Hines v. State

GIVAN, Justice.

Appellant was convicted of Burglary, a Class B felony, and Theft, a Class D felony. He received a twelve (12) year sentence and a three (8) year sentence to run concurrently..

The facts are: On November 18, 1985, at approximately 6:50 a.m., Lois Fryman left *297her apartment for work. Her boyfriend, Richard Fenwick, was still asleep in the bedroom. Fenwick left the apartment for work about 1:80 p.m. When he left, everything was in place and the apartment was tidy. The windows and doors were locked.

At approximately 4:00 p.m., Fryman returned to the apartment and noticed that the front door was open. She saw that the glass stereo cabinet was open and the stereo and speakers were gone. The apartment was in great disarray. A lot of Fen-wick's clothing, some jewelry and Fen-wick's son's radio were missing. Investigating police officers were able to obtain several latent fingerprints from the stereo cabinet and from a brass plate at the door frame. It was later established that these were appellant's fingerprints.

Detective Don Deputy went to appellant's sister's apartment where he found appellant. Deputy read the Miranda warnings to him and appellant indicated he understood his rights and agreed to talk to Deputy. Their conversation soon turned to a stereo which was in the apartment. Appellant said that he had bought it from a friend or from someone he could not identify. Deputy then asked for consent to search the apartment. He read a consent form to appellant who agreed to allow the search and signed the form. During the search, a jacket, some shirts, stereo speakers and jewelry were recovered. These items were later identified by Fryman and Fenwick as property which was stolen from them.

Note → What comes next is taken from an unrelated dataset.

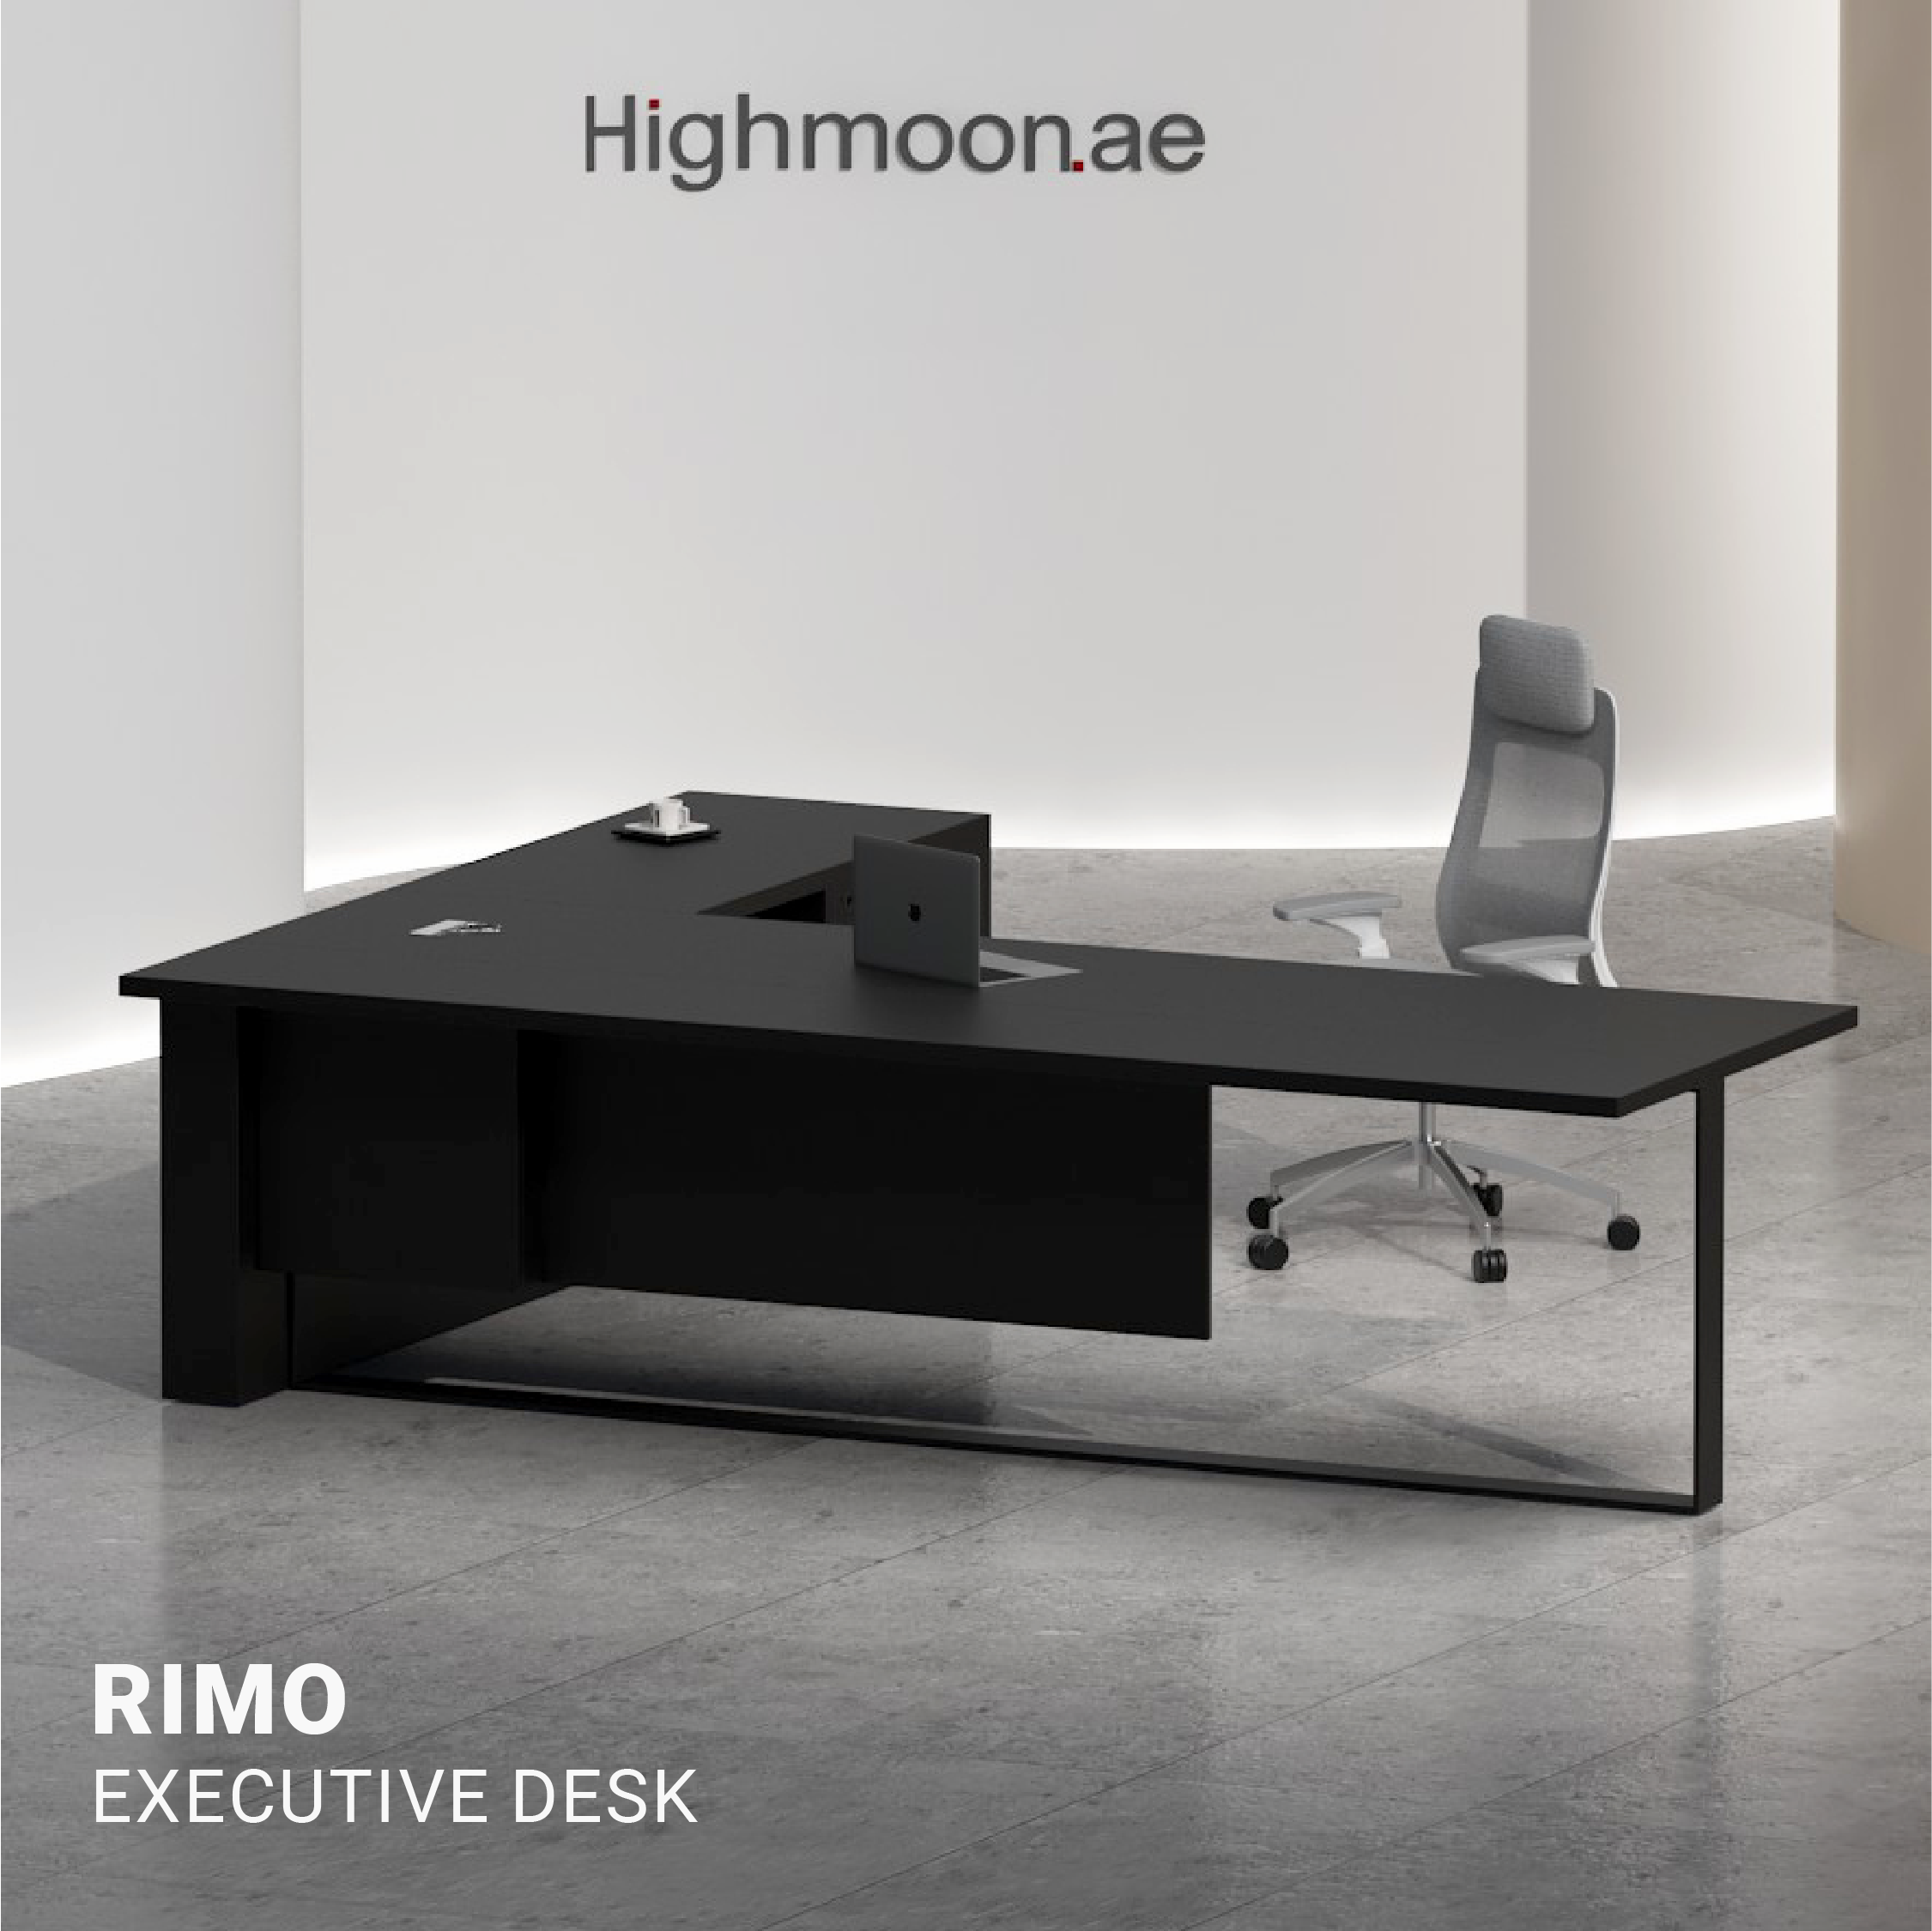 Rimo Executive Desk.01

Appellant was again advised of his Miranda warnings and again indicated he understood his rights, and then signed the form. As Deputy continued questioning appellant, he began to change his story. He stated that he was a sound sleeper and left the door unlocked. He stated he thought that someone had been bringing the property in during the day while he was asleep.

Appellant claims the trial court erred in denying his motion to suppress statements made in response to interrogation by police officers. He contends that although the Miranda warnings were given, his acquiescence to the questioning and to the search was not voluntary. He claims he only submitted to questioning and the search because he thought he was about to be arrested. In addition, he maintains he drank half of a fifth of vodka shortly before the detectives arrived, and that he had smoked marijuana about three to four hours prior to their arrival. As a result, he claims he was intoxicated and that his decisions were influenced by intoxication. He further stated that the police officers told him that a deal could be made if he cooperated.

Detective Deputy testified that he gave appellant all of the Miranda warnings and that appellant indicated he understood the warnings. Detective Deputy directly contradicted appellant's claim of intoxication. He testified that he did not smell alcohol nor did appellant appear to be under the influence of any substance. He stated that appellant walked correctly and conversed normally and coherently. Thus, there was a direct conflict of evidence between the testimony of the police officer and appellant. Weighing of such evidence was the province of the trial court. Ortiz v. State (1976), 265 Ind. 549, 356 N.E.2d 1188. We find no error in the overruling of appellant's motion to suppress the statements made to police officers.

Appellant claims the trial court erred in denying his motion to suppress evidence seized as a result of an illegal search of his residence. As above pointed out, there is a direct conflict between the police officer's testimony and the testimony of appellant. There was adequate evidence upon which the trial court could determine that appellant was properly advised, that he freely consented to the search of the apartment, and that he was not under the influence of either drugs or alcohol at the time. This Court will not weigh such conflicting evidence. Id.

One exception to the necessity for a search warrant is that the party involved gives valid consent. Harper v. State (1985), Ind., 474 N.E.2d 508. When the consenting person is not in custody, it is *298only necessary for the State to demonstrate that the consent was in fact voluntarily given and was not the result of duress or coercion. Smith v. State (1982), Ind., 432 N.E.2d 1863.

The trial court did not err in finding that a lawful search was conducted. Thus he did not err in denying appellant's mocion to suppress the evidence seized.

The trial court is affirmed.

SHEPARD, C.J., and DeBRULER, PIVARNIK and DICKSON, JJ., concur.